Our meta-analysis confirms the hypothesis that AD bears a higher diagnosis stability than PDD-NOS which tends to be unstable over time with a 3-year stability rate of 35%. Despite two studies reporting high short-term stability rates for PDD-NOS between 2 and 3 years of age, long-term stability studies (from age 2 to age 9) demonstrated that PDD-NOS tends to be an unstable diagnosis in young children when established before 36 months. Therefore the literature seems not to support the discriminant and predictive validity of the PDD-NOS category in young children. Such a finding has clinical implications. Children whose PDD-NOS diagnosis was established before 36 months should be re-assessed at a later age. Given that PDD-NOS when diagnosed in very young children, covers a wide variety of pathological conditions including prodromic forms of later AD, remitted or less severe forms of AD, and developmental delays in interaction and communication, PDD-NOS should be considered at most as a provisory diagnosis, requiring reassessment at a later age.
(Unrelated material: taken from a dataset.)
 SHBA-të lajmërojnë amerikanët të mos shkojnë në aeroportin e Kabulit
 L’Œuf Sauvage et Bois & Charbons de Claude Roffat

With respect to the current proposed revision of DSM-IV-R criteria for ASD including merging the three subtypes, AD, AS and PDD-NOS, into one category, namely Autism Spectrum Disorder (ASD), our study confirmed the lack of support for reliably distinguishing PDD-NOS as a diagnostic entity. However our study clearly demonstrated the heterogeneity of the PDD-NOS group which will impact the predictive validity of the proposed DSM-V entity. The international clinical and research consensus on the robustness of AD as defined by currently more stringent DSM criteria, would be lost. International communication and comparison between interventions will be jeopardized.

Limitations

Several limitations to this meta-analysis should be noted. First, for the majority of the studies, clinical diagnosis at follow-up was not independent from initial diagnosis. Kleinman et al. (2008) suggested that a truly blind evaluation at Time 2 would be preferable because it would reduce potential bias in the diagnostic determination. However, Stone et al. (1999) evaluated the influence of same and different clinicians on the stability of the diagnosis. They found no significant difference whether it was the same or a different clinician at Time 2. Further studies are needed to support this result. Second, general information that affects the evolution of AD and PDD-NOS were not documented. For example, the impact of the interventions on the final outcome was not measured, except in Turner et al. (2006). In addition there was not enough information to conduct subgroup meta-analysis based on gender ratios and IQ, as recommended for the latter by Witwer and Lecavalier (2008).

Conclusion

Our meta-analysis conducted on the eight longitudinal studies on PDD-NOS that have been published from 1996 to 2009 showed that PDD-NOS diagnosis was less stable than AD diagnosis. When established before 36 months, the overall stability rate was 35% at 3-year follow-up. Consistent with the previous literature on the reliability of the PDD-NOS diagnosis in young children, our meta-analysis did not to support the discriminant and predictive validity of this category. Thus, from a clinical standpoint, children whose PDD-NOS diagnosis was established before 36 months should be re-assessed at a later age. In addition further studies on the stability of PDD-NOS should use ADI-R and ADOS at each diagnostic assessment time and provide adequate information on the participants’ gender, IQ, verbal and motor skills.